# best filter in London?



## dsc (Jun 7, 2013)

Not a lot of places in general do filter / brewed coffee as it tends to take a lot of time and screws up queues. I've tried a few cafes in London, but was never really pleased with the results, curious if anyone here had a different experience and wants to share the details?

T.


----------



## aaronb (Nov 16, 2012)

Out of London loads of places do it, but in London I think it's just too busy for some places. That said there are still many that do, but I'm a bit out of touch with London cafes. Try and rock up after say 10 but before lunch, or after the lunch rush.

The London's Best Coffee app also tells you what places do brewed.

Some suggestions not checked by me personally but offer a filter: Mothers Milk, Tapped & Packed, Caravan, Alchemy.....


----------



## dsc (Jun 7, 2013)

I've tried T&P (now called TAP me thinks?), hit and miss I'd say, shame there's no solid place which delivers each time, but I do understand that it's too time consuming.

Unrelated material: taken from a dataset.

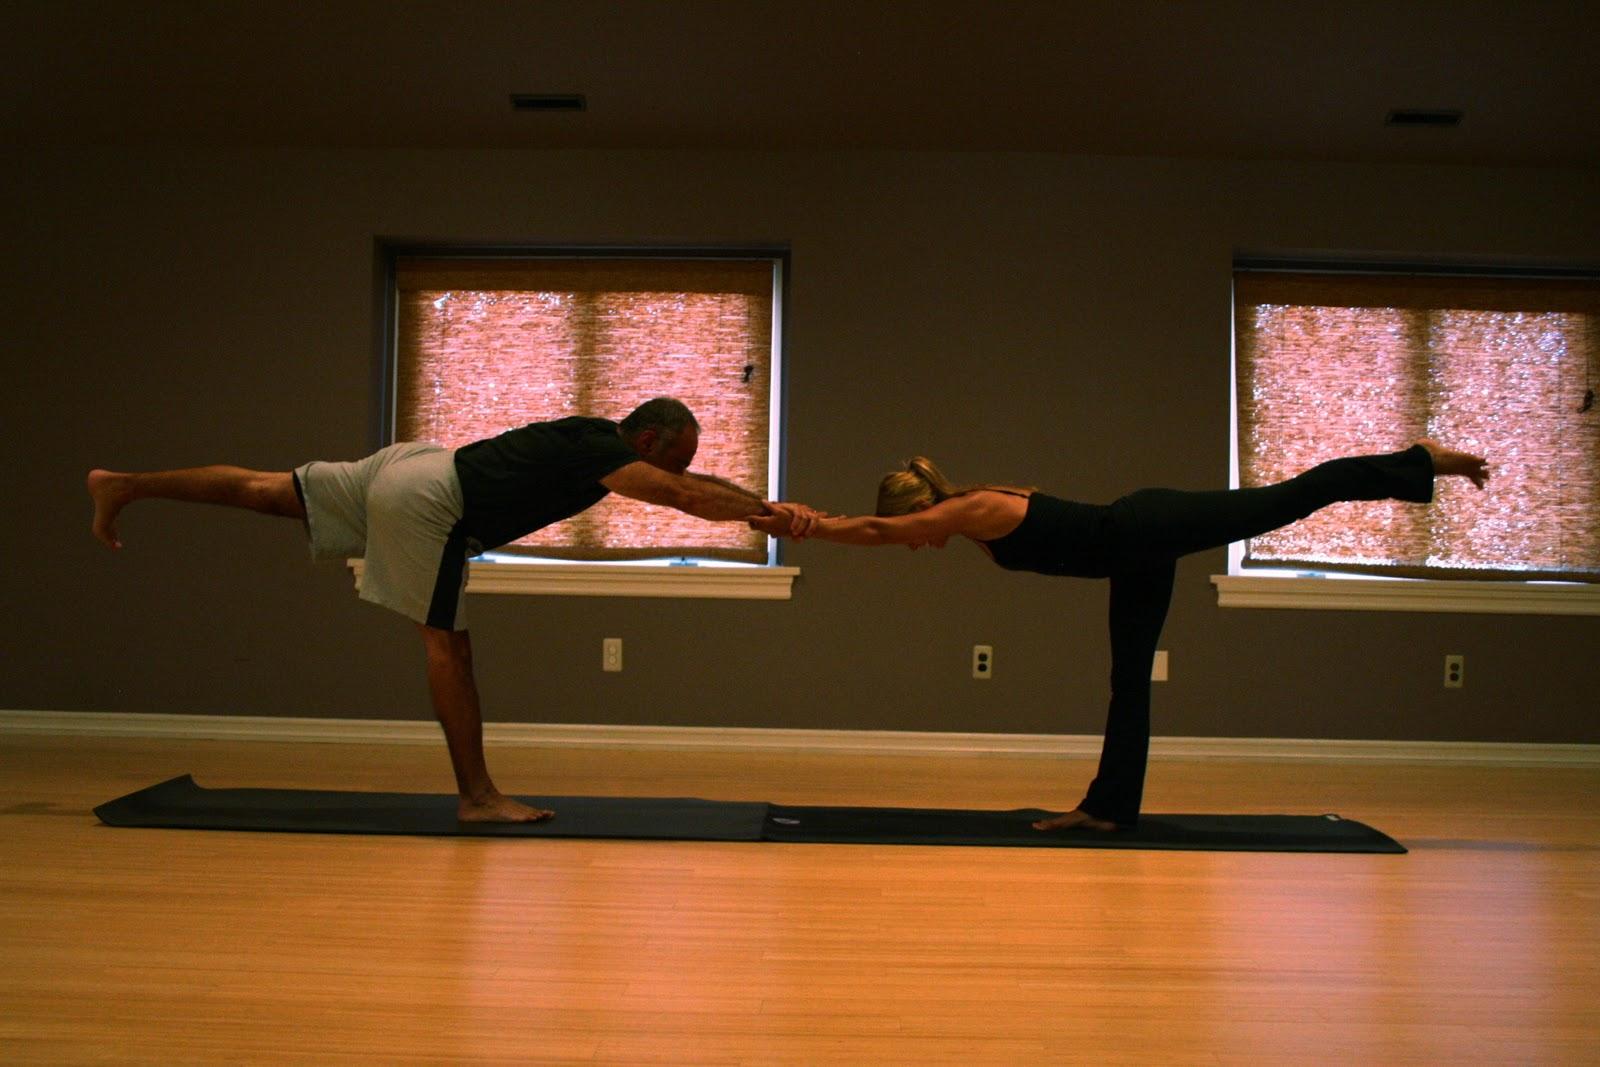 Aurorae Yoga: Aurorae's 12 Yoga Poses of Christmas - Day 7

I'll try MM, Caravan and Alchemy next time I'm in London, thanks for the suggestions.

T.


----------



## Glenn (Jun 14, 2008)

Try Prufrock for a decent filter coffee.


----------



## dsc (Jun 7, 2013)

Tried them as well, nothing special imho. Most places seem to like / do underextracted brews for some reason.

T.


----------



## Phil104 (Apr 15, 2014)

Caravan and Ozone (had a great siphon coffee in there the last time I was in).


----------



## dsc (Jun 7, 2013)

Cool, will add to my list

T.


----------



## philwbass (Sep 4, 2009)

Association in the City.

Workshop generally.

I have had some lovely filters at Store ST.

Alchemy.


----------



## jjprestidge (Oct 11, 2012)

I've had some good filters in Prufrock, although that was a while ago.

JP


----------



## Gerrard Burrard (May 7, 2014)

Workshop definitely. Allpress chemex can be very good. Monmouth for variety but perhaps not consistent quality.


----------



## Guest (Dec 4, 2014)

Monmouth Coffee

The great pioneer of pour-over filter coffee is so central to the Convent Garden area it almost seems as if the sundial pillar at Seven Dials is points north down the street that lent the coffee shop its name.


----------



## Beanosaurus (Jun 4, 2014)

Jihan41 said:


> Monmouth Coffee
> 
> The great pioneer of pour-over filter coffee is so central to the Convent Garden area it almost seems as if the sundial pillar at Seven Dials is points north down the street that lent the coffee shop its name.


Bloody hell that's poetic...

I don't know how the staff are always so nice and smiley despite it always being as busy as flea party in a matchbox,

best brownies in the universe from there though and I've never had anything ever that even remotely compares to the soft, rich, melt in your mouth... I'll stop now.

I'll be trying the filter from Caravan, Alchemy, and Workshop (Prufrock at a push) next weekend.







)

If some shops are mentally busy I simply won't bother burdening the staff with making a filter.


----------



## dsc (Jun 7, 2013)

The only one I pass often is the one on Borough Market, never tried it though as the queue is normally around the block.

T.


----------



## aphelion (Nov 23, 2012)

Beanosaurus said:


> best brownies in the universe from there though and I've never had anything ever that even remotely compares to the soft, rich, melt in your mouth... I'll stop now.


I've gotta agree with you there, they are awesome


----------



## aphelion (Nov 23, 2012)

Apparently the are from Little Bread Pedlar


----------



## beebah (Apr 1, 2012)

I've always had good batch brew from store st and some good pour overs too, haven't been there for a while though. Notes was always fairly reliable for brewed coffee. Taylor st have decent batch brew too


----------



## coffeecinado (Apr 19, 2014)

had some nice pour overs at macIntyre coffee this summer


----------